**To do**
Nothing outside the range is to be copied. From the entries below, reproduce exactly the lines starting at the one with "Μπλε Φλοράλ Φόρεμα Με Ζώνη Davonne 9379 1" and ending at the one with "Пальто пальто рогожка драповое 60% шерсти", without pictures.

**Source data**
▬▬▬▬▬▬▬▬▬▬

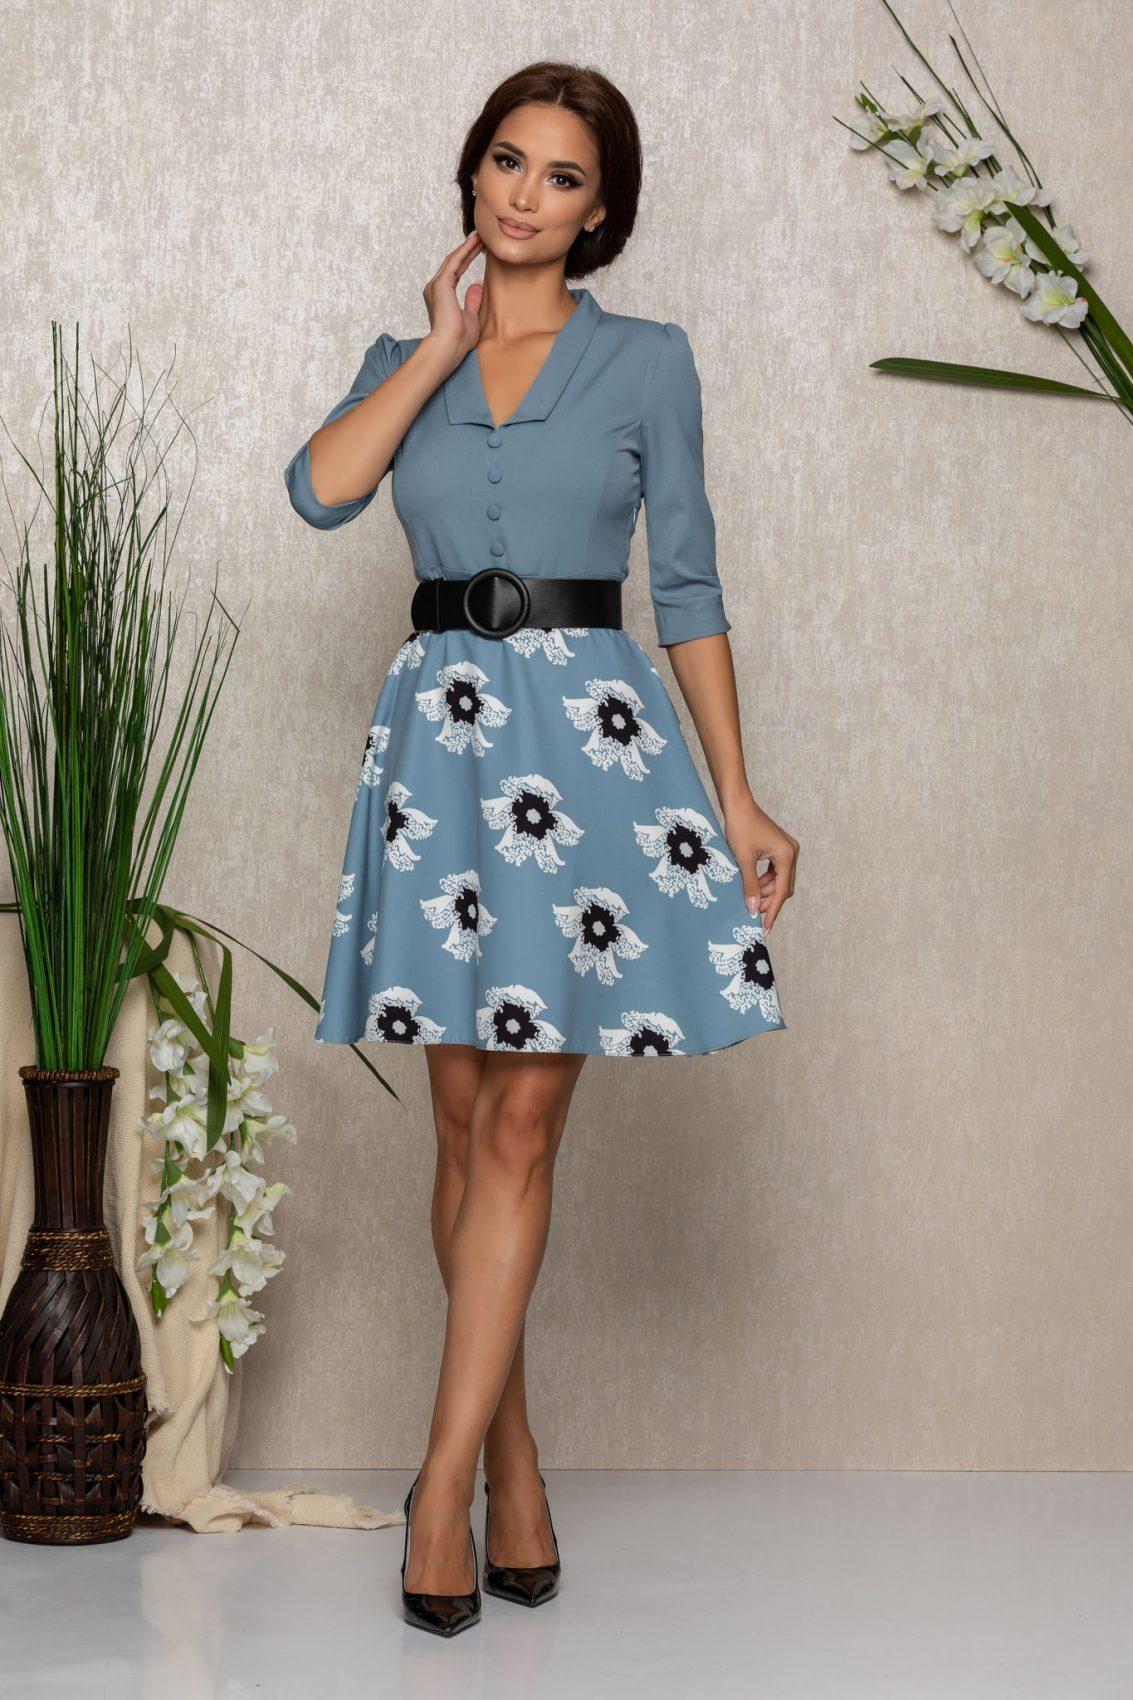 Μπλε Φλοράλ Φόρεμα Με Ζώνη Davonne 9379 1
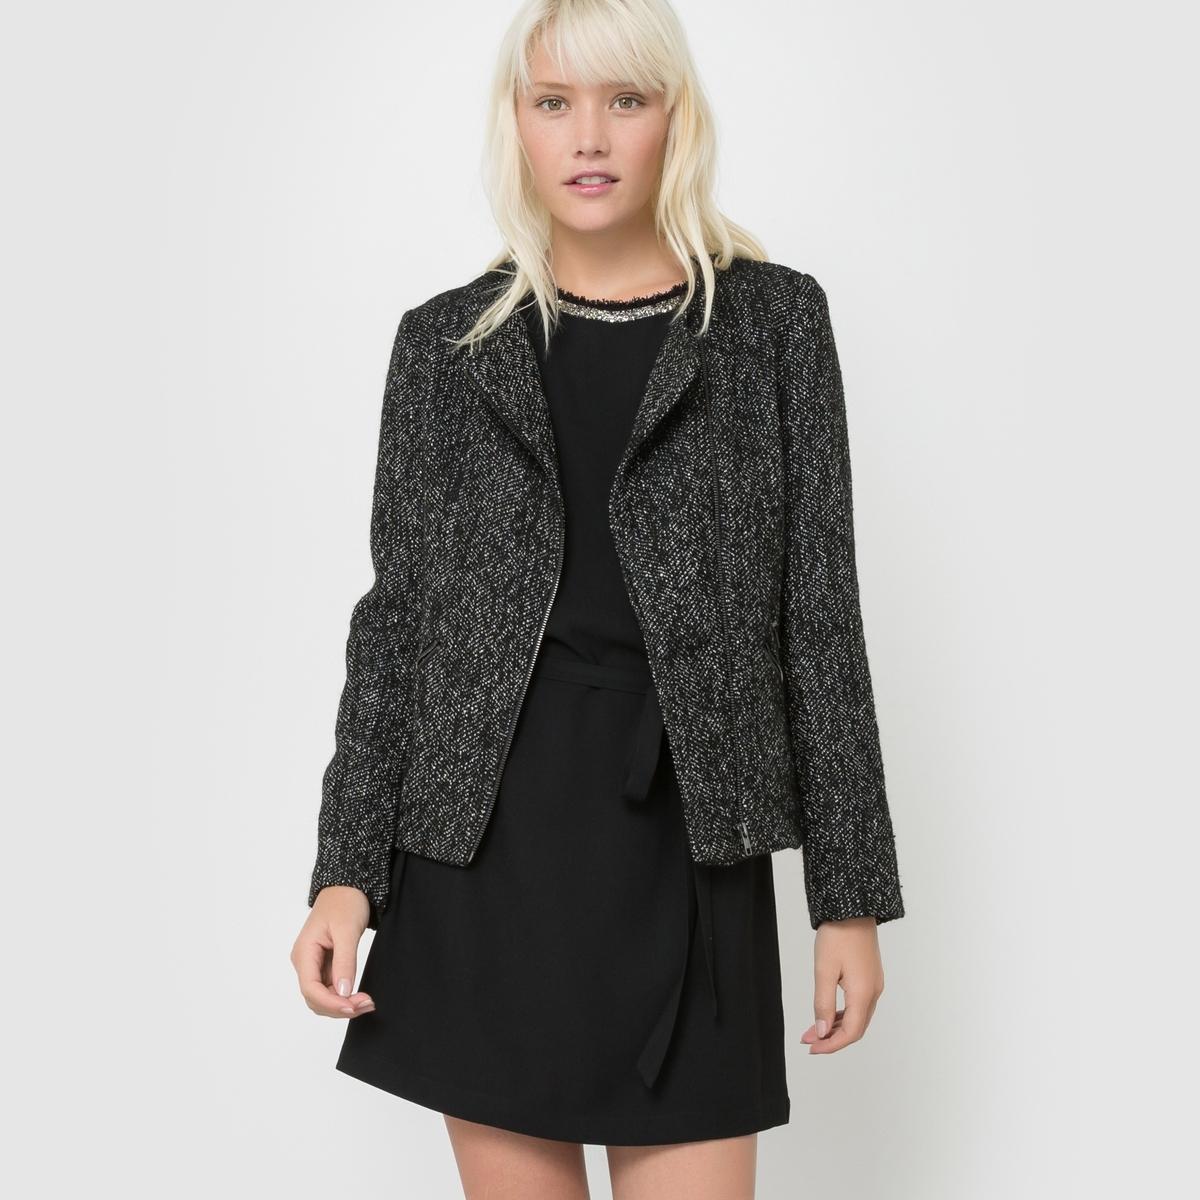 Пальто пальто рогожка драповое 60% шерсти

▬▬▬▬▬▬▬▬▬▬

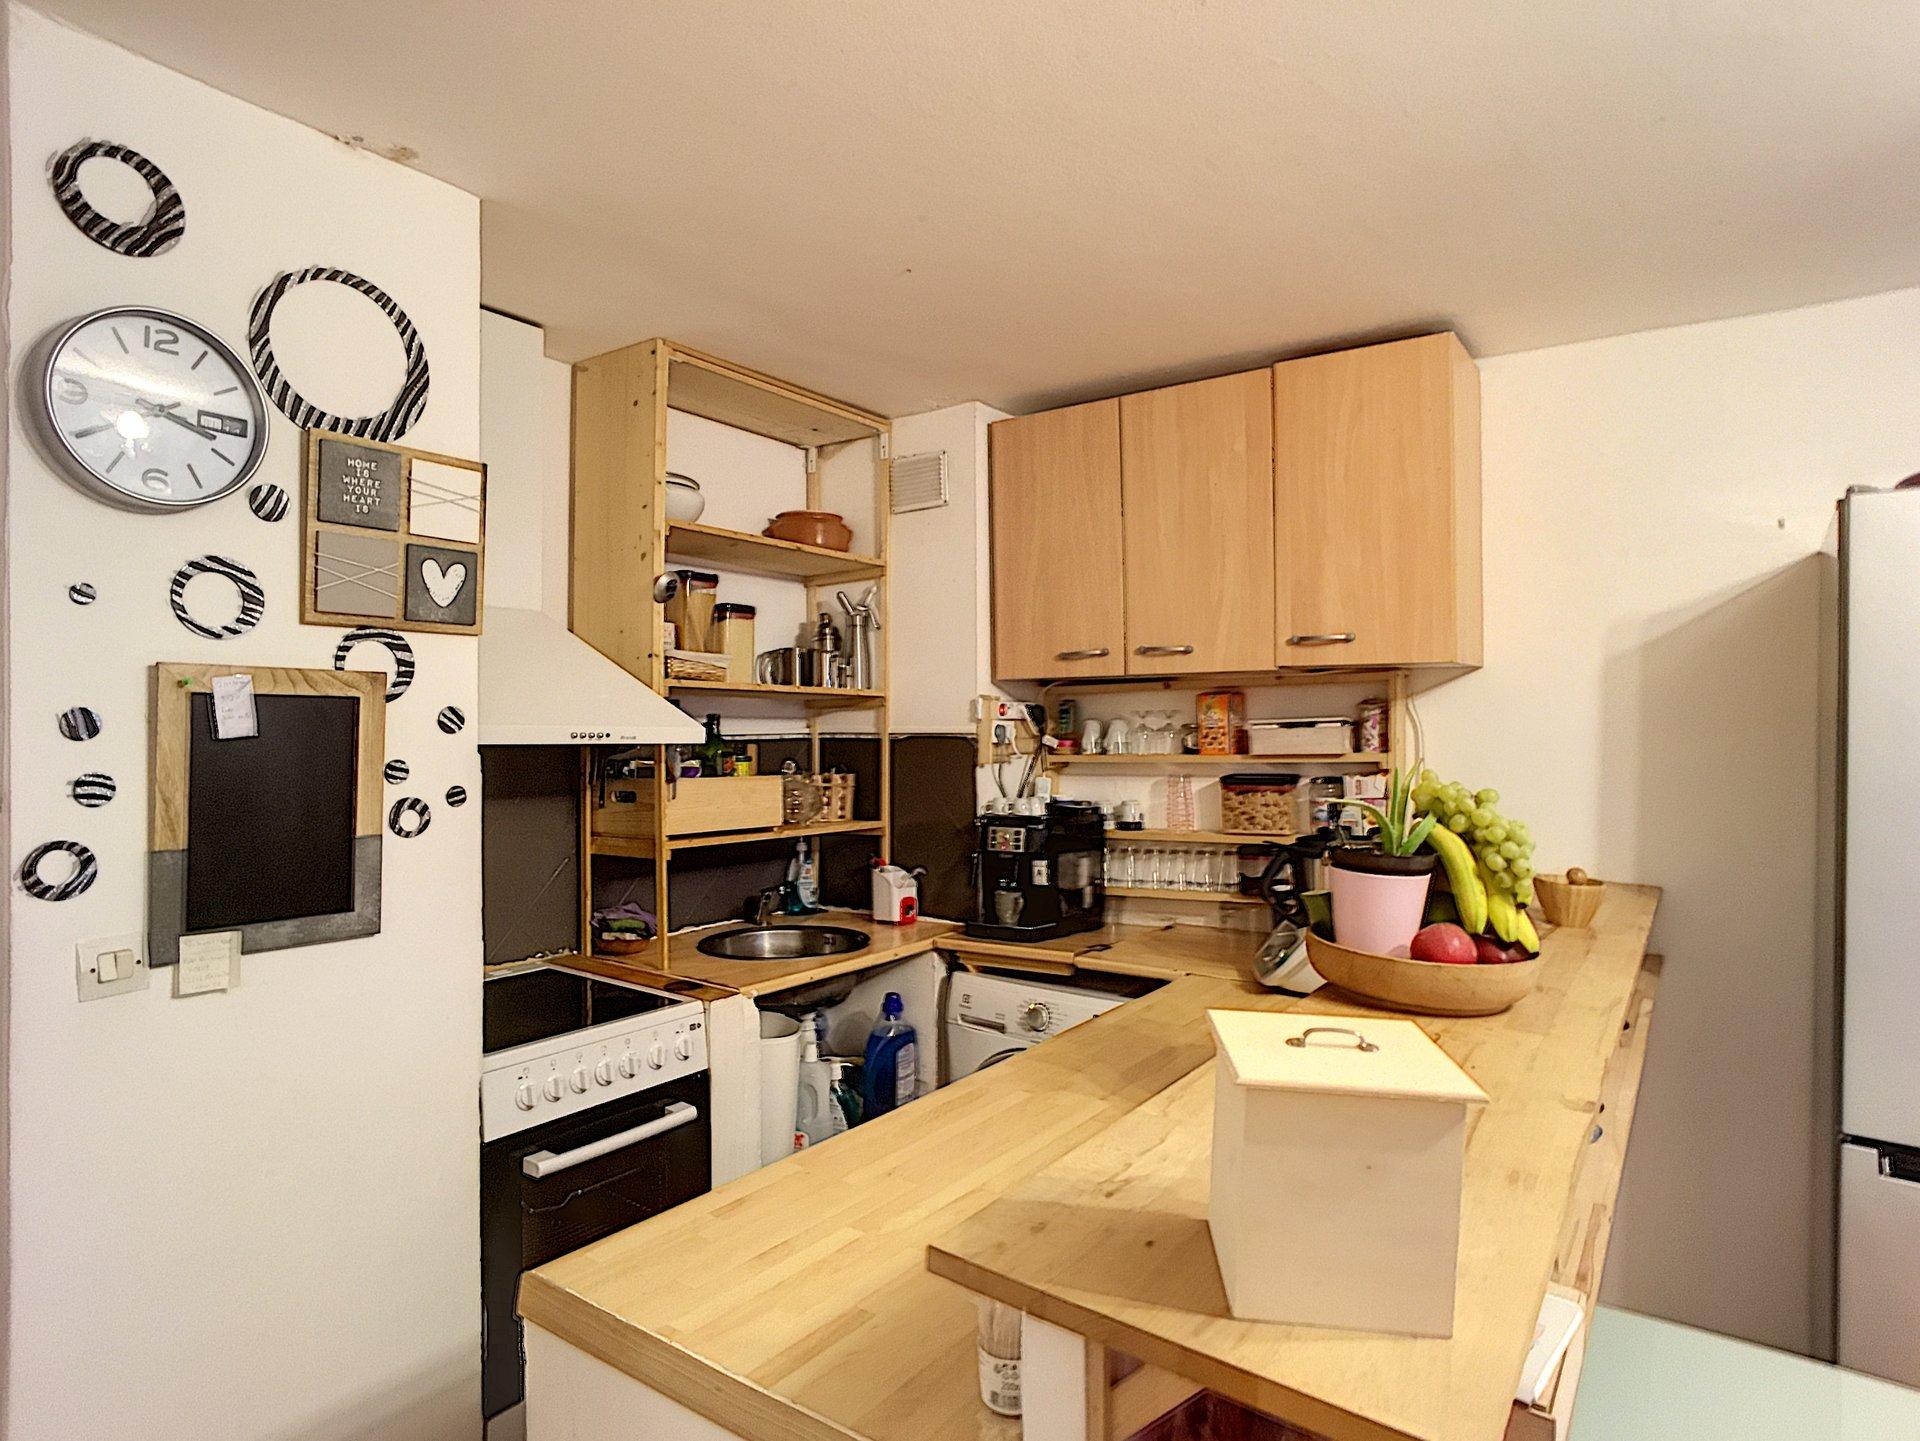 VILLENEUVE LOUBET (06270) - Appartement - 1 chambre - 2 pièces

▬▬▬▬▬▬▬▬▬▬

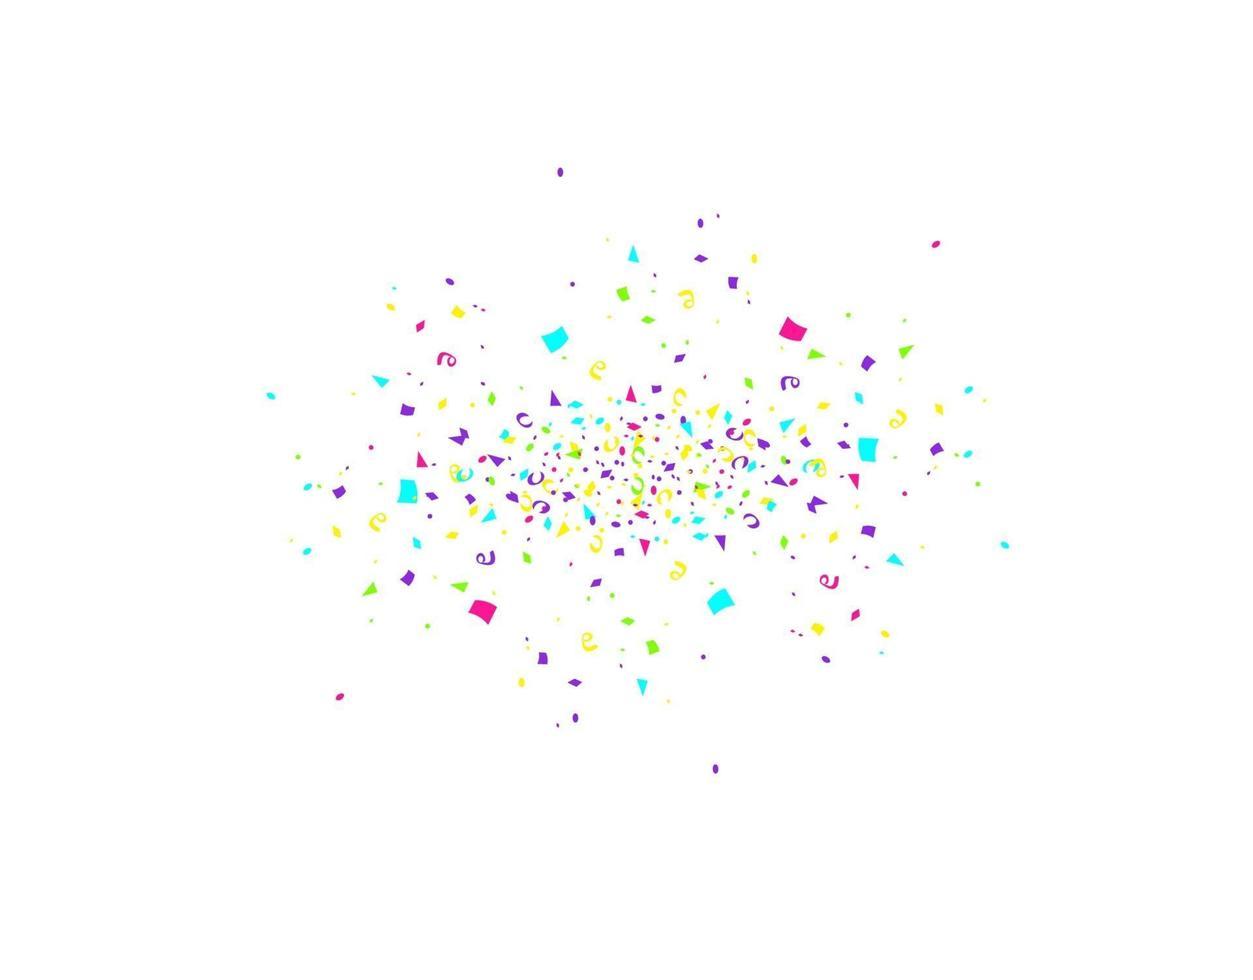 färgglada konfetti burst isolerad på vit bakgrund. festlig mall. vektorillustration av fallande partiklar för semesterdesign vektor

▬▬▬▬▬▬▬▬▬▬

**Answer to this exercise**
 Μπλε Φλοράλ Φόρεμα Με Ζώνη Davonne 9379 1
 Пальто пальто рогожка драповое 60% шерсти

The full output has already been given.